Data shown
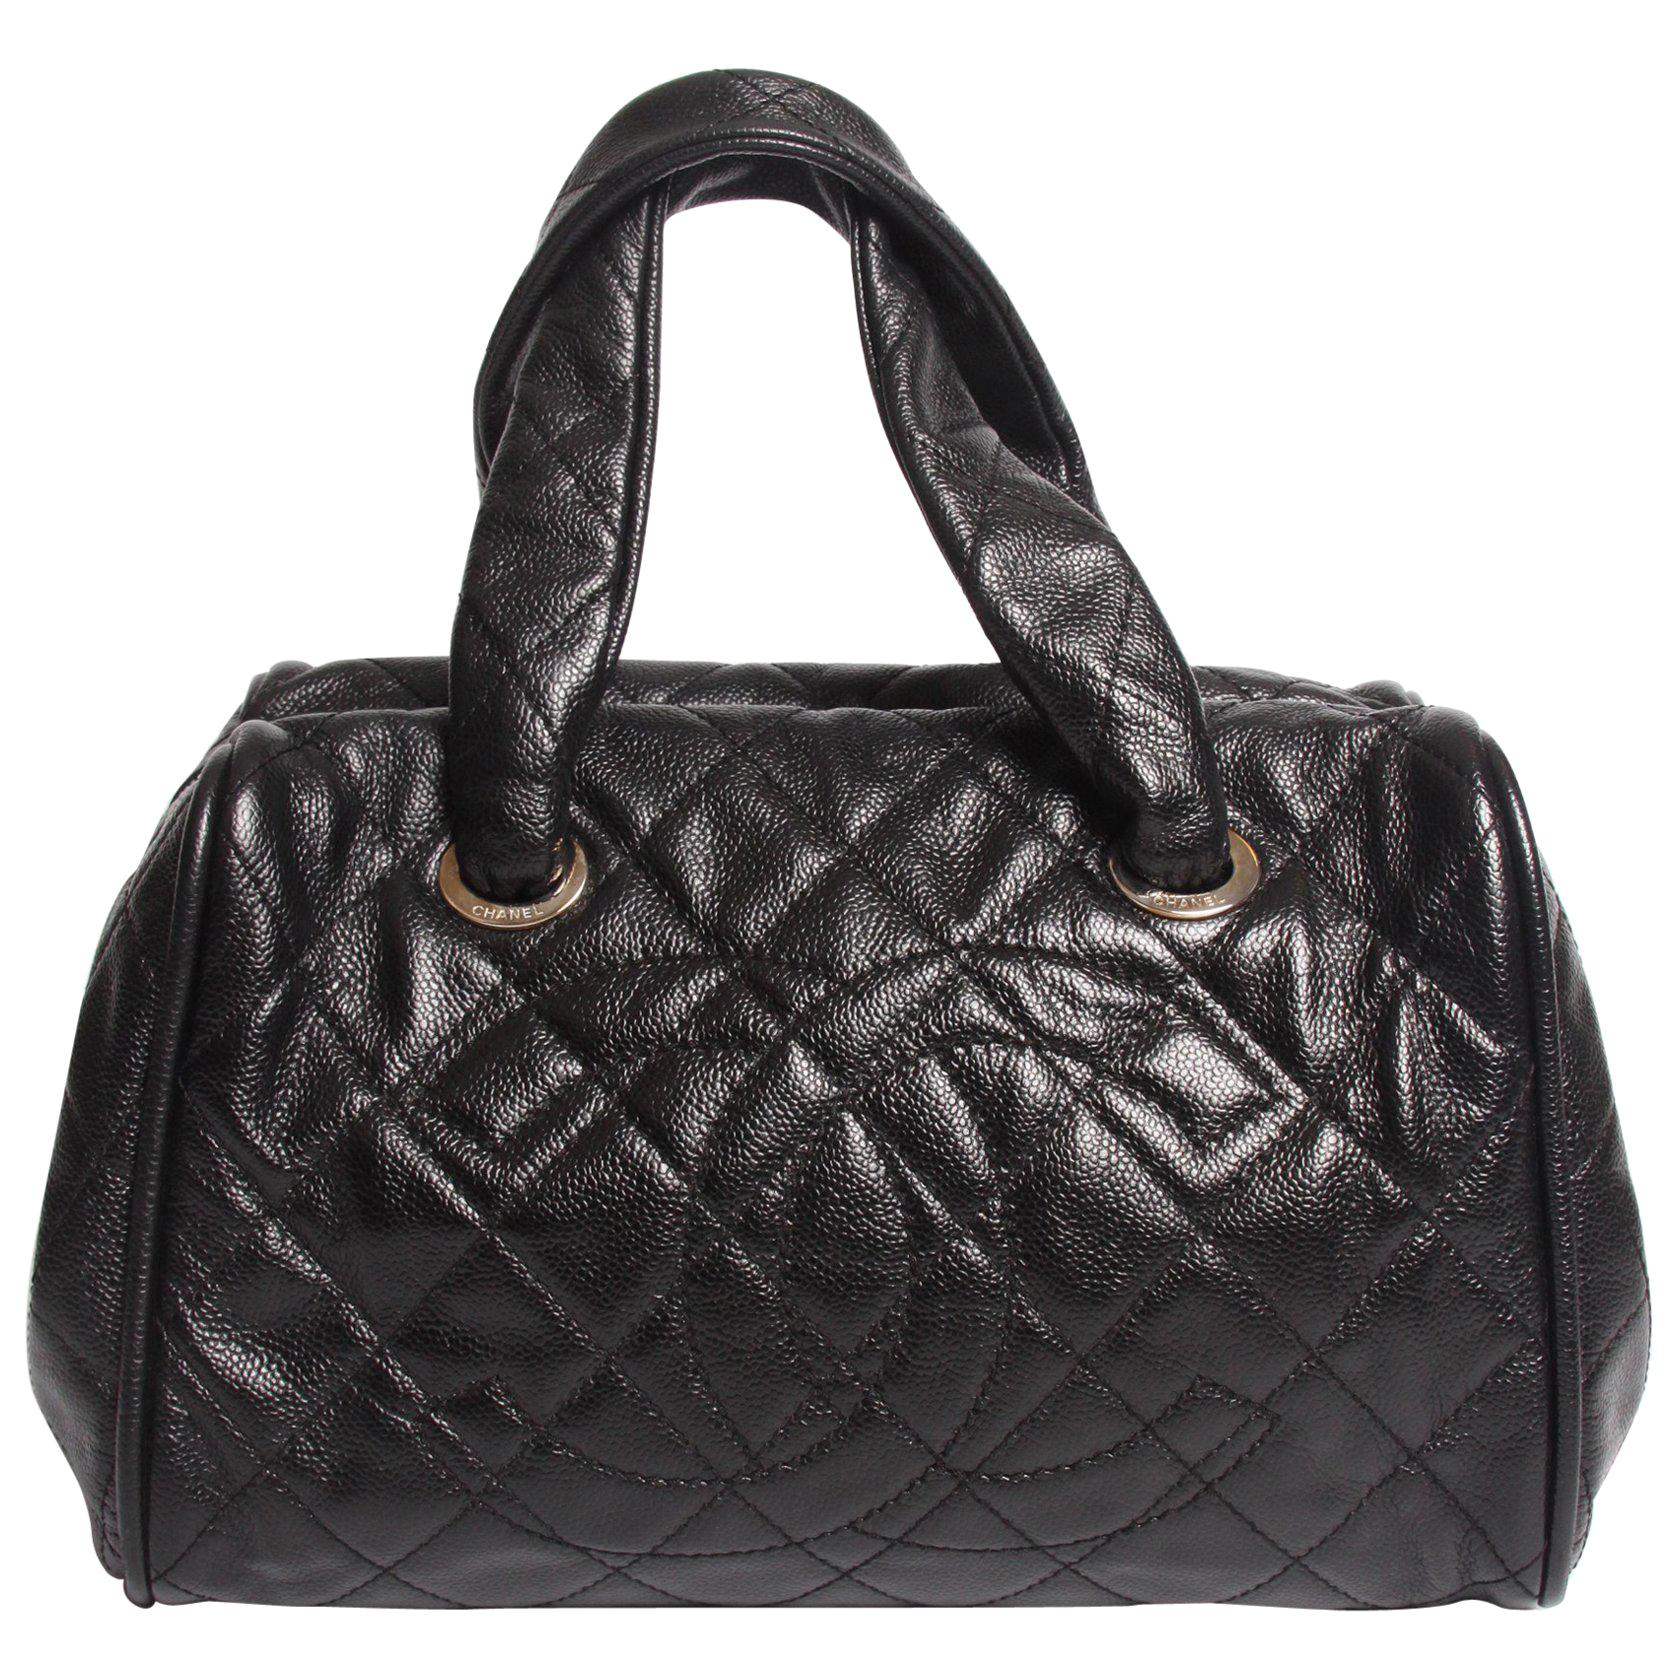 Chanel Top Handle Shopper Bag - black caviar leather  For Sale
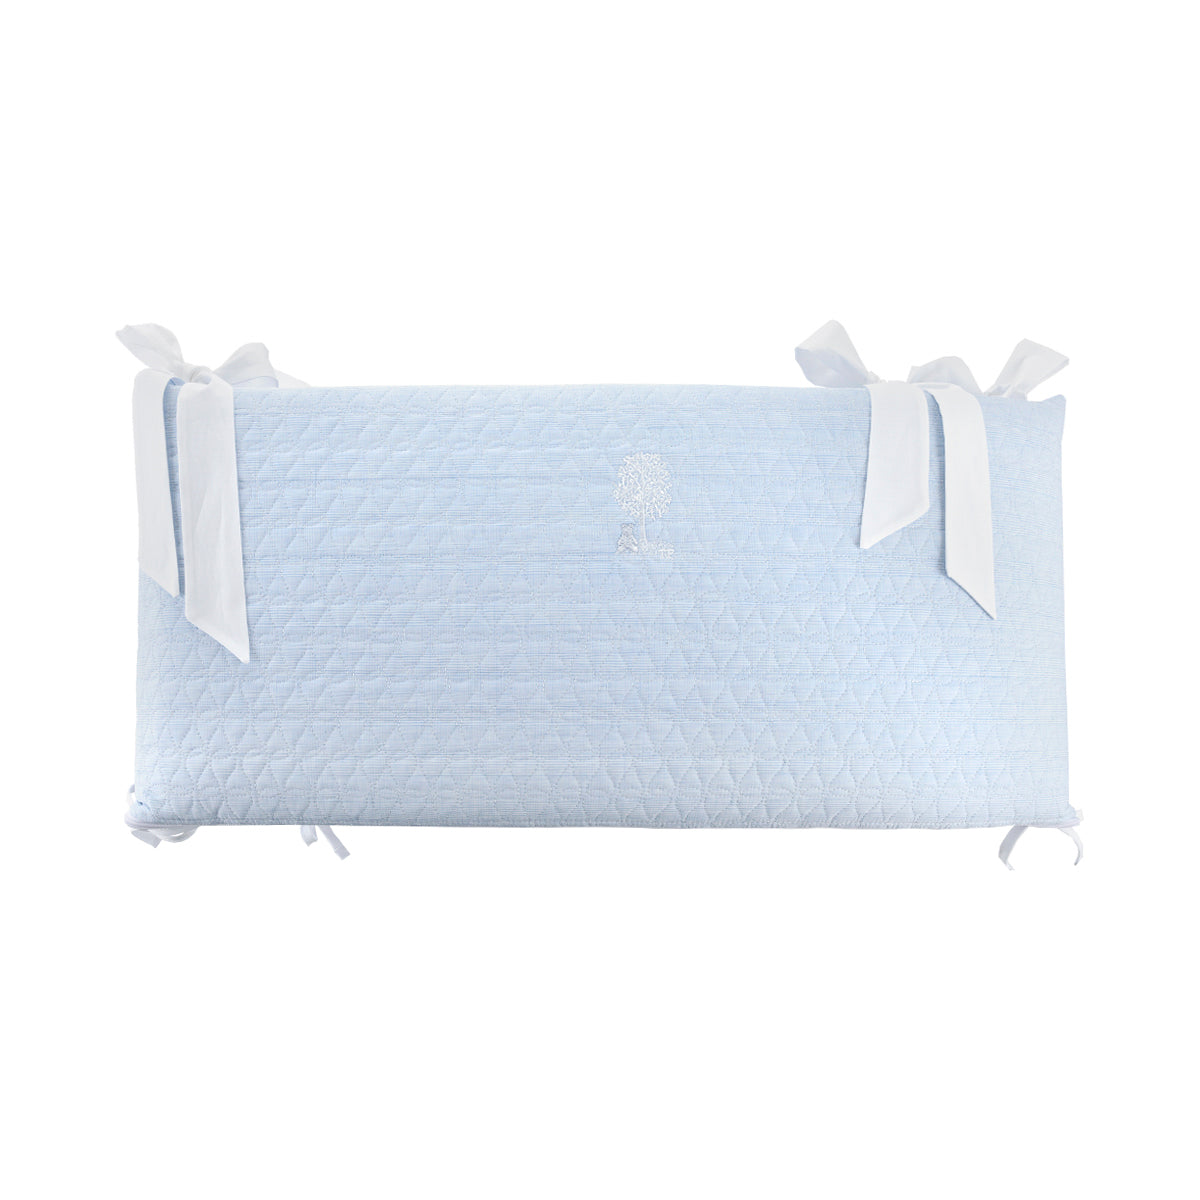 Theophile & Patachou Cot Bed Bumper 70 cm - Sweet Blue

==

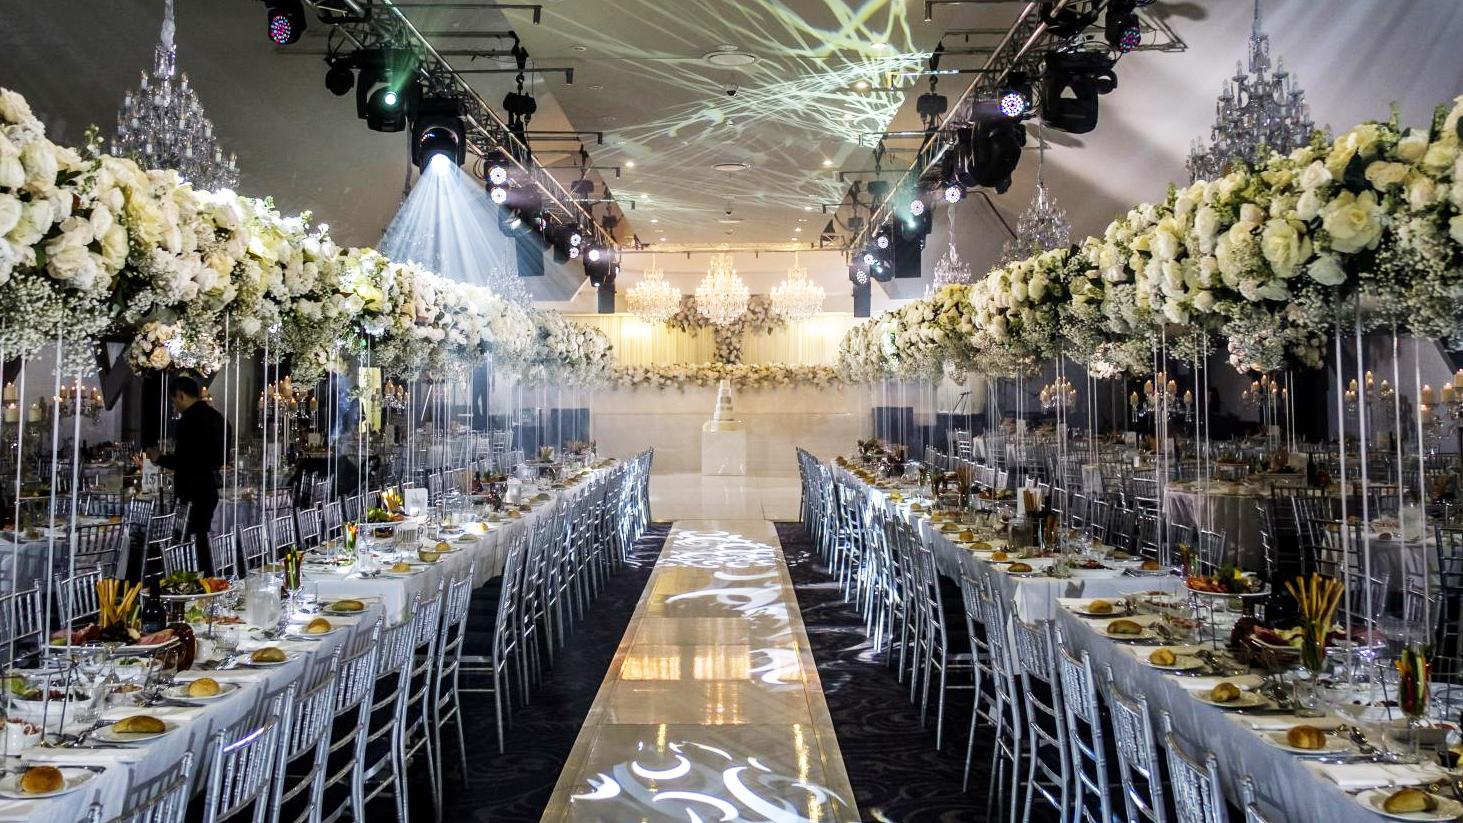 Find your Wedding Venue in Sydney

--

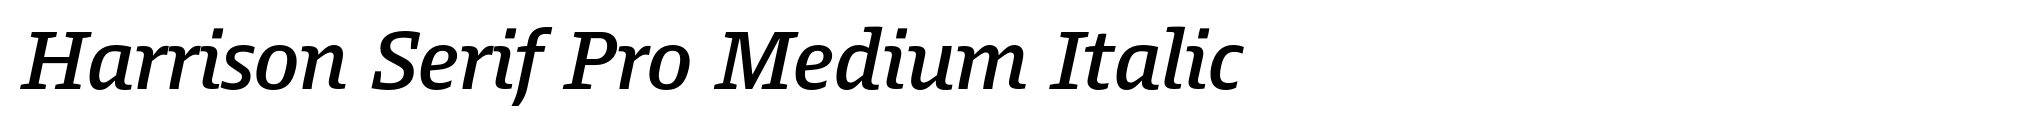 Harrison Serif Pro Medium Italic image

Problem statement
Treat the line with "Chanel Top Handle" as the start and the line with "Theophile & Patachou" as the end, and return exactly that span of the data above, both ends included, without pictures.

Worked solution
 Chanel Top Handle Shopper Bag - black caviar leather  For Sale
 Theophile & Patachou Cot Bed Bumper 70 cm - Sweet Blue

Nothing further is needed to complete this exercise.